I mean, you can't swing a hammer in a throwing circle without clocking a trans athlete, right? They're everywhere!
"How many athletes are there in the U.S. in NCAA schools?" Sen. Dick Durbin (D-Illinois) asked NCAA President Charlie Baker during a hearing last December on federal sports regulations.
"Five hundred and ten thousand," said Baker, a Republican who was Massachusetts's governor before assuming leadership of the NCAA in 2023.
"How many transgender athletes are you aware of?" Durbin asked.
"Less than 10," Baker said.
How many were at Penn? One. That'll be $175 million, or else.

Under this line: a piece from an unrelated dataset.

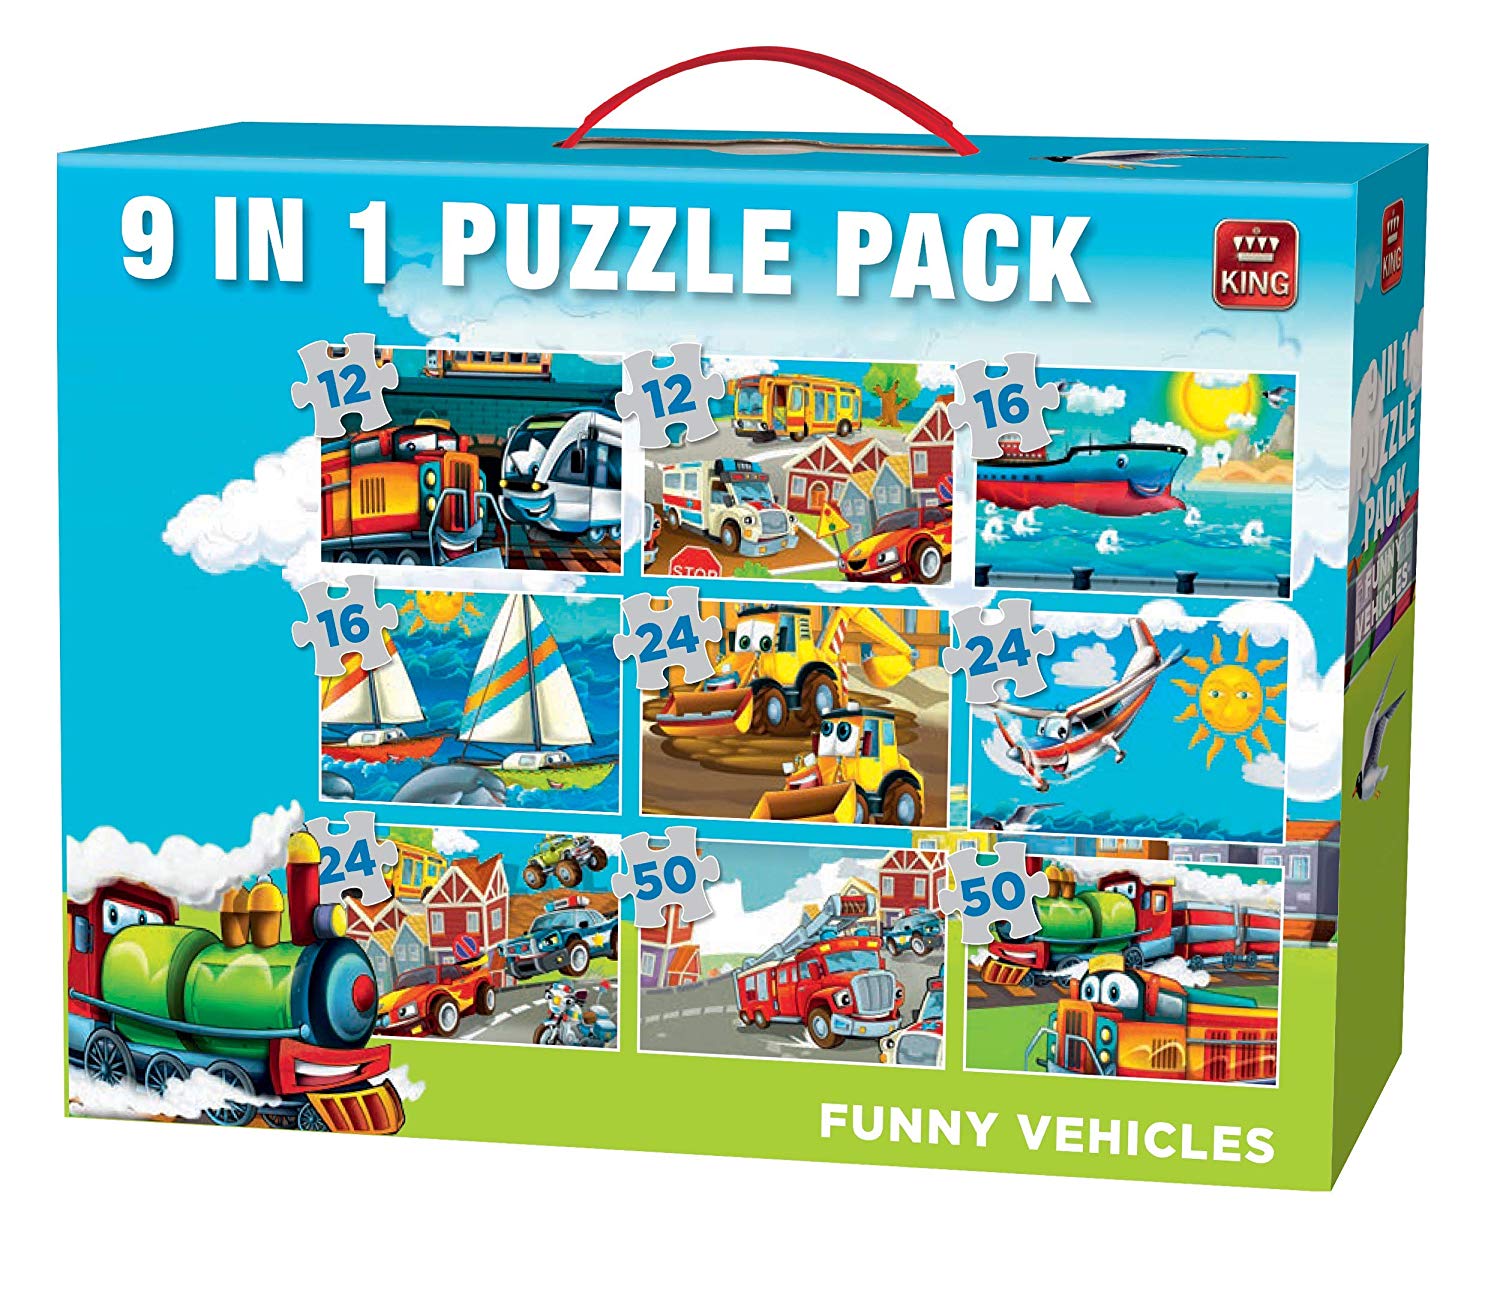 King 5520 Case Funny Vehicles Puzzle 9 in 1 Puzzle Pack – For Girls – Vol. 
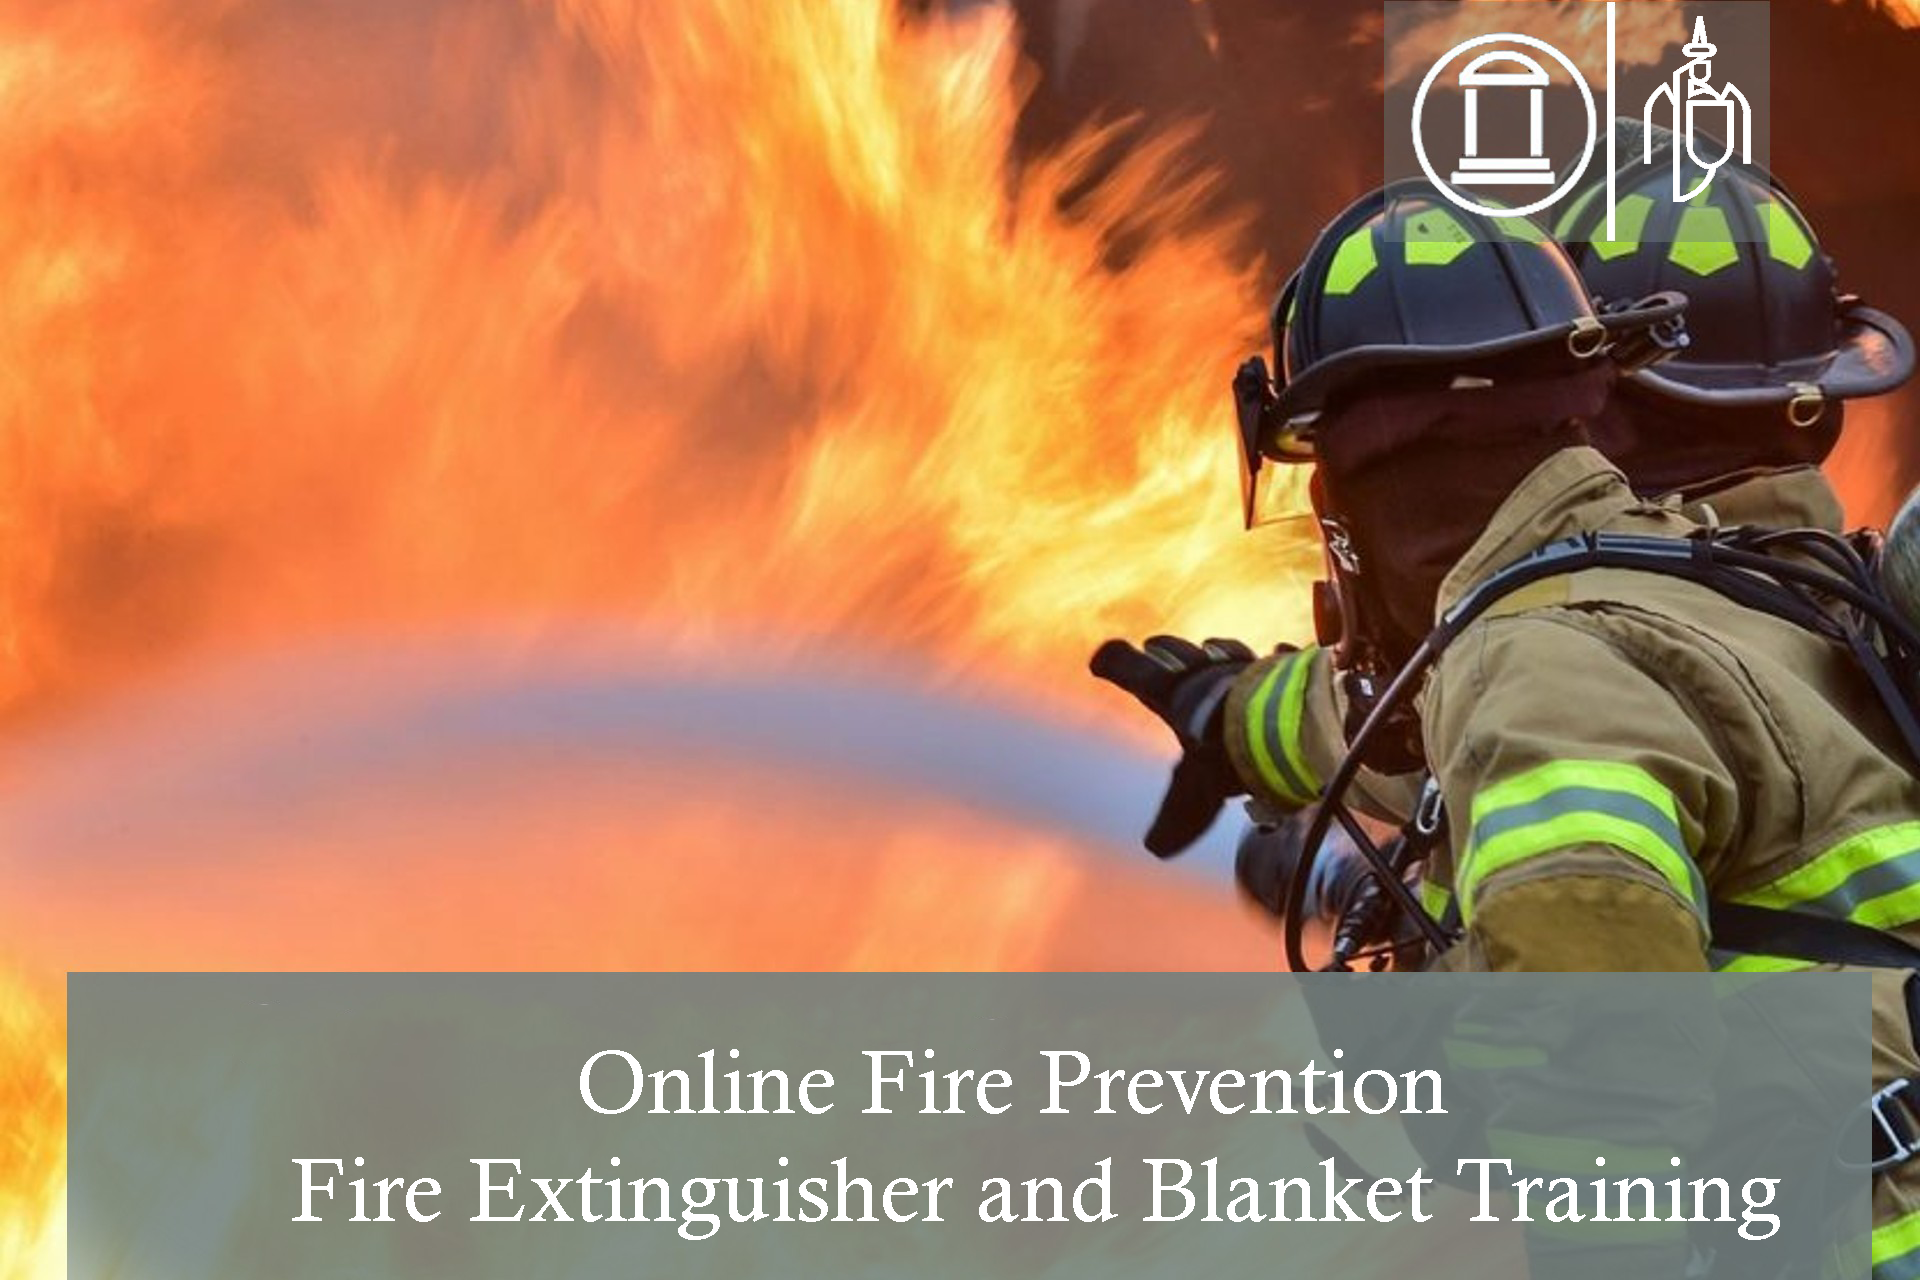 Online Fire Prevention &amp; Fire Extinguisher and Blanket Training

It would be an understatement of historic proportions to say the Trump attack on trans athletes is overkill. Again, the paltry numbers: a UCLA Law School think tank in 2022 estimated about 1.64 million people over the age of 13 in the United States identify as transgender -- about 0.5 percent of all adults, or 1.3 million people, and about 1.4 percent of teens, or about 300,000.
How is disallowing those few trans athletes from playing sports protecting cis women athletes?
"Aside from subjecting girls to harassment and invasive testing, these bans do not actually protect women and girls," Shiwali Patel, senior director of safe and inclusive schools at the National Women's Law Center, said Thursday. "They also don't solve for resource or funding inequities in women and girls' sports, or the fact that college women athletes are shortchanged millions of dollars in athletic scholarships compared to college men, or address rampant sexual harassment against athletes by authority figures.
"Equal protection and access to education means that all students should be able to play sports and reap the well-documented socio-emotional and educational benefits of playing. Excluding a girl because she is trans is never fair -- it's unlawful and undermines the rights of all women and girls."
Lia Thomas was an outlier. She lost, too.
Which is why the Trump administration's fight isn't about fairness any more than those of lawmakers and organizations across the country that have introduced and passed state bills against trans athlete sports participation. It's about ideology; it's about politics.
And in the case of Trump, it is another weapon to punish those he sees as enemies.